In this case, the facts weigh heavily in support of Costello's conviction. Before he was pulled over and during the traffic stop, Costello exhibited several signs of intoxication while driving: (1) he was traveling in excess of ten miles per hour over the speed limit on a residential street, (2) he was swerving between lanes, (3) he failed to stop his automobile outside the pedestrian crosswalk at the stop light, (4) he emitted a strong odor of alcohol, (5) his eyes were bloodshot and watery, (6) his speech was slurred, (7) he admitted to Tyler that he had had six drinks, and (8) he failed all three of the field sobriety tests decisively.

Based on the weight of the evidence favoring the guilty verdict, we conclude that the record establishes beyond a reasonable doubt that the introduction of Costello's statement to Kline, that he had consumed five beers, did not contribute to the conviction. As such, the error, if any, in admitting this statement, was harmless. See O'Neal, 999 S.W.2d at 831.

We decide against Costello on his first point.

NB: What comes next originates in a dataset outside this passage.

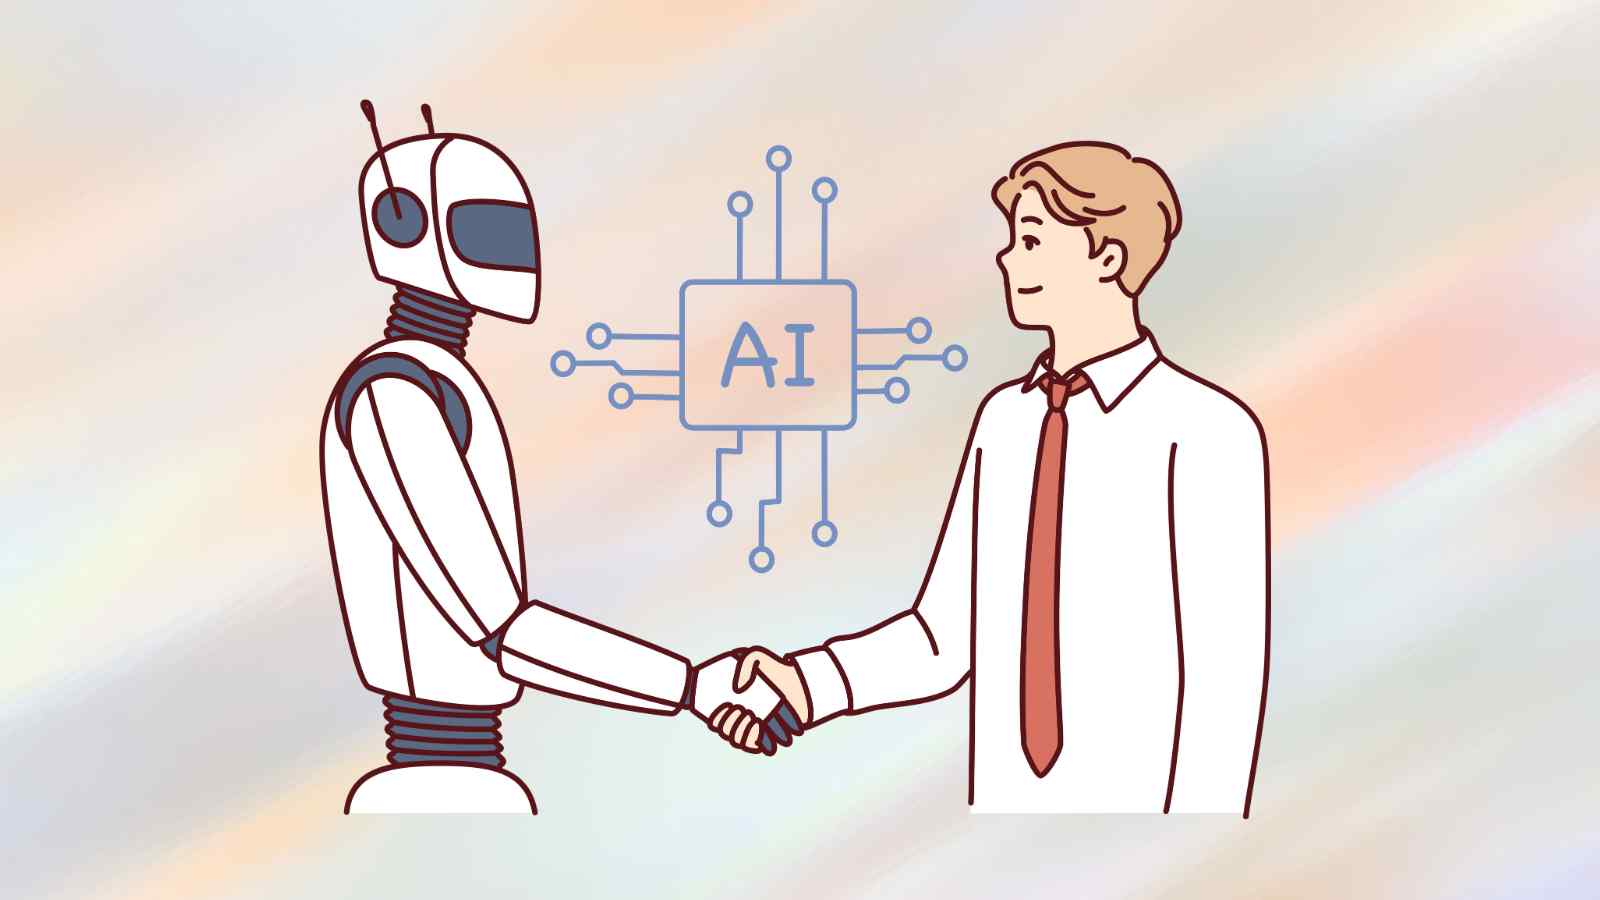 Nuovi studi mettono in comparazione la conversazione umana con quella AI, attraverso un test di Turing che dimostra a che punto siamo.

III. Admission of Costello's Unrecorded Statements — Article 38.22.

In his second point, Costello contends that because his statements to Kline were not recorded, there was a violation of article 38.22, § 3(a)(1) of the Texas Code of Criminal Procedure. See Tex. Code Crim. Proc. Ann. art. 38.22, § 3(a)(1) (Vernon Supp. 2004) (providing that no oral or sign language statement of an accused made as a result of custodial interrogation shall be admissible against the accused in a criminal proceeding unless an electronic recording is made of the statement).

To preserve a complaint under article 38.22 of the Texas Code of Criminal Procedure, a defendant must specifically invoke that article in his trial objection. See Thomas v. State, 723 S.W.2d 696, 699-700 (Tex.Crim.App. 1986) (finding trial objection that police officer's testimony was inadmissible under Art. 1, § 10 of the Texas Constitution and article 1.05 of the Texas Code of Criminal Procedure did not preserve complaint under article 38.22); Gonzalez v. State, 783 S.W.2d 774, 778-79 (Tex.App.-Corpus Christi 1990, no pet.) (finding that merely citing article 38.22 did not raise an issue concerning the inadmissibility of orally made statements). Here, Costello's pre-trial motion to suppress referenced Chapter 38 of the Texas Code of Criminal Procedure. However, merely referencing Chapter 38 is not sufficient to preserve this point on appeal. See Gonzalez, 783 S.W.2d at 778. Further, no objection was made at trial on this ground. As such, Costello waived his objection. See Id.; Thomas, 723 S.W.2d at 699-700. We decide against Costello on this point.

IV. Costello's Challenge for Cause Based on Juror Bias.

In his third point, Costello contends that the trial court erred in overruling his challenge for cause of a particular juror based on bias. He argues that a juror was biased because the juror said he would give more credibility to a police officer's testimony than to another witness's. We cannot agree.

During voir dire, Costello's counsel asked the venire whether they would give a police officer's testimony more weight than they would another witness's testimony. After a few potential jurors, including the challenged juror, raised their hands, the trial judge sent the panel outside the courtroom but asked a group of nine, including the challenged juror, to remain behind for further discussion:

THE COURT:

. . . If I may ask you to assume for just a moment two witnesses that are equal in every respect except that one is a peace officer witness and the other is not; but all other things are equal in whatever way you can imagine it, as those two witnesses are with respect to one another. Age, for example; opportunity to observe, for example; motivation, for example; and anything else one can imagine.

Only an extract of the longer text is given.